The true offenders. Despite the overall decline in gun violence since 2000, police shootings of civilians are on the increase. There is no official mechanism to record these figures, but a civilian group, Statistica, along with the Washington Post, has kept records since 2015. Both sources acknowledge their numbers are incomplete. In 2020, there were 1,021 police murders, up 20% over 2019. More than 20% of victims were Black, despite being only 12% of the overall population.

Right-wing police officers from across the country were also part of the Jan. 6 pro-Trump insurrection attempt that invaded the U.S. Capitol in a bid to overturn the 2020 election. Off-duty cops have joined far-right neo-Nazi crowds, which openly carry military grade armaments.

Police, in lockstep with the corporate media and big business, promote the myth of out-of-control violence — mostly by Black and Indigenous people, other people of color, and immigrants — to create fear and gain public support for their budgetary demands for more “law and order.”

After the Seattle City Council voted to cut the police budget by 20%, the police still had a $15 million surplus for 2020 due to retirements and resignations.

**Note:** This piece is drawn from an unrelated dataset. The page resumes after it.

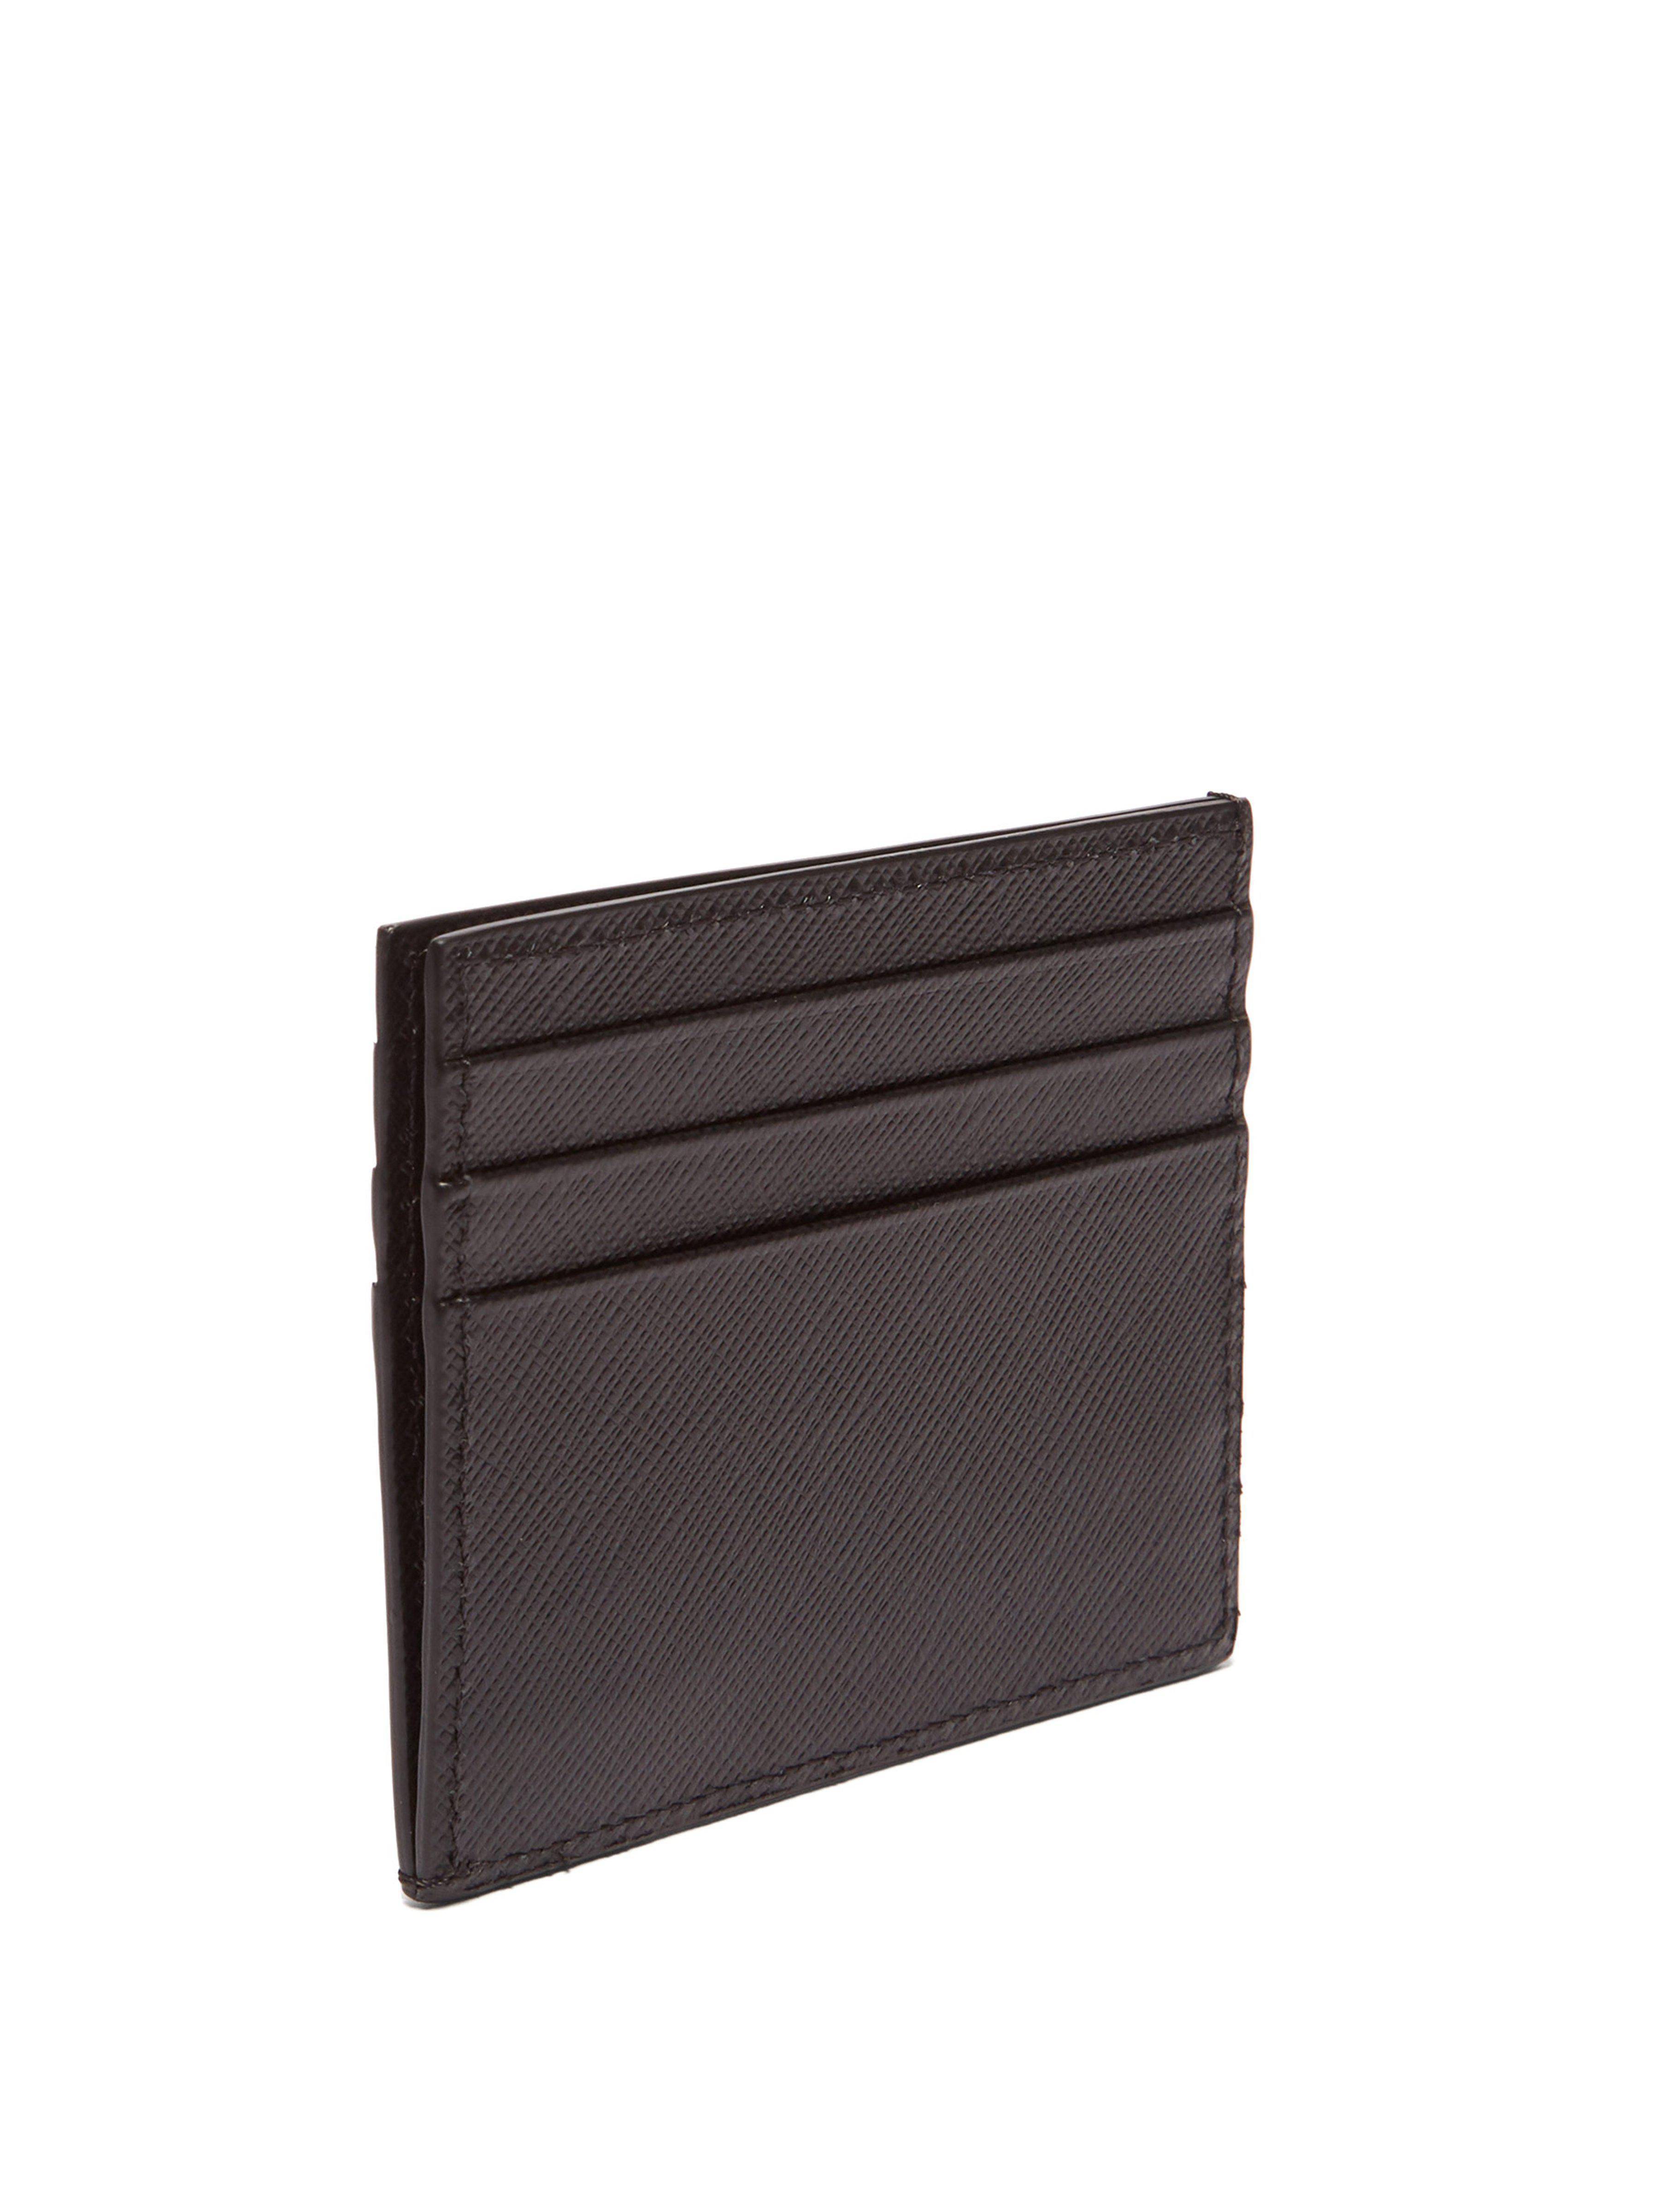 59fe96b046f Prada Saffiano Leather Metallic Embellished Cardholder in Black for Men -  Save 11% - Lyst

In 2021, after the Council restored most of the cuts, the police department wanted that surplus added back, over and above their proposed $410 million budget.

Democratic mayors and city councils are only too happy to oblige the cops and forget previous promises to slash police budgets. Eric Adams, a former police officer and current New York City mayoral front-runner, wants to bring back the racist stop-and-frisk policy. This allowed cops to arbitrarily stop any person they deemed “suspicious” and was already ruled unconstitutional.

The federal government already gifts cities across the country with millions in surplus military equipment and billions in grant money to hire and train more police.

Big business supporters want laws changed to allow police to more easily round up the homeless, break strikes and harass poor and immigrant communities. They spend a lot of money to elect politicians who will do just that. The über-masculine, militarized-to-the-teeth image that police present mirrors the neo-Nazis that cops regularly protect from crowds of anti-fascist protesters.

Real solutions. Some crime problems do need responses, but more cops are not the answer.

Instead, send mental health counselers out on domestic disturbance calls, one of the BLM demands. And shift taxpayer money to actually keeping people safe from hunger, homelessness, diseases, and police violence.

Build publicly owned, resident run low-cost housing, provide meals for the hungry, create union jobs, and improve schools. Federal grant money should go for local survival needs, more counselors and treatment infrastructure, not more officers and weapons.

An energized, organized national campaign to slash police budgets is needed to accomplish these goals. Massive public funding of these tangible solutions, in tandem with civilian control over the cops, is the real way to decrease crime and gun violence.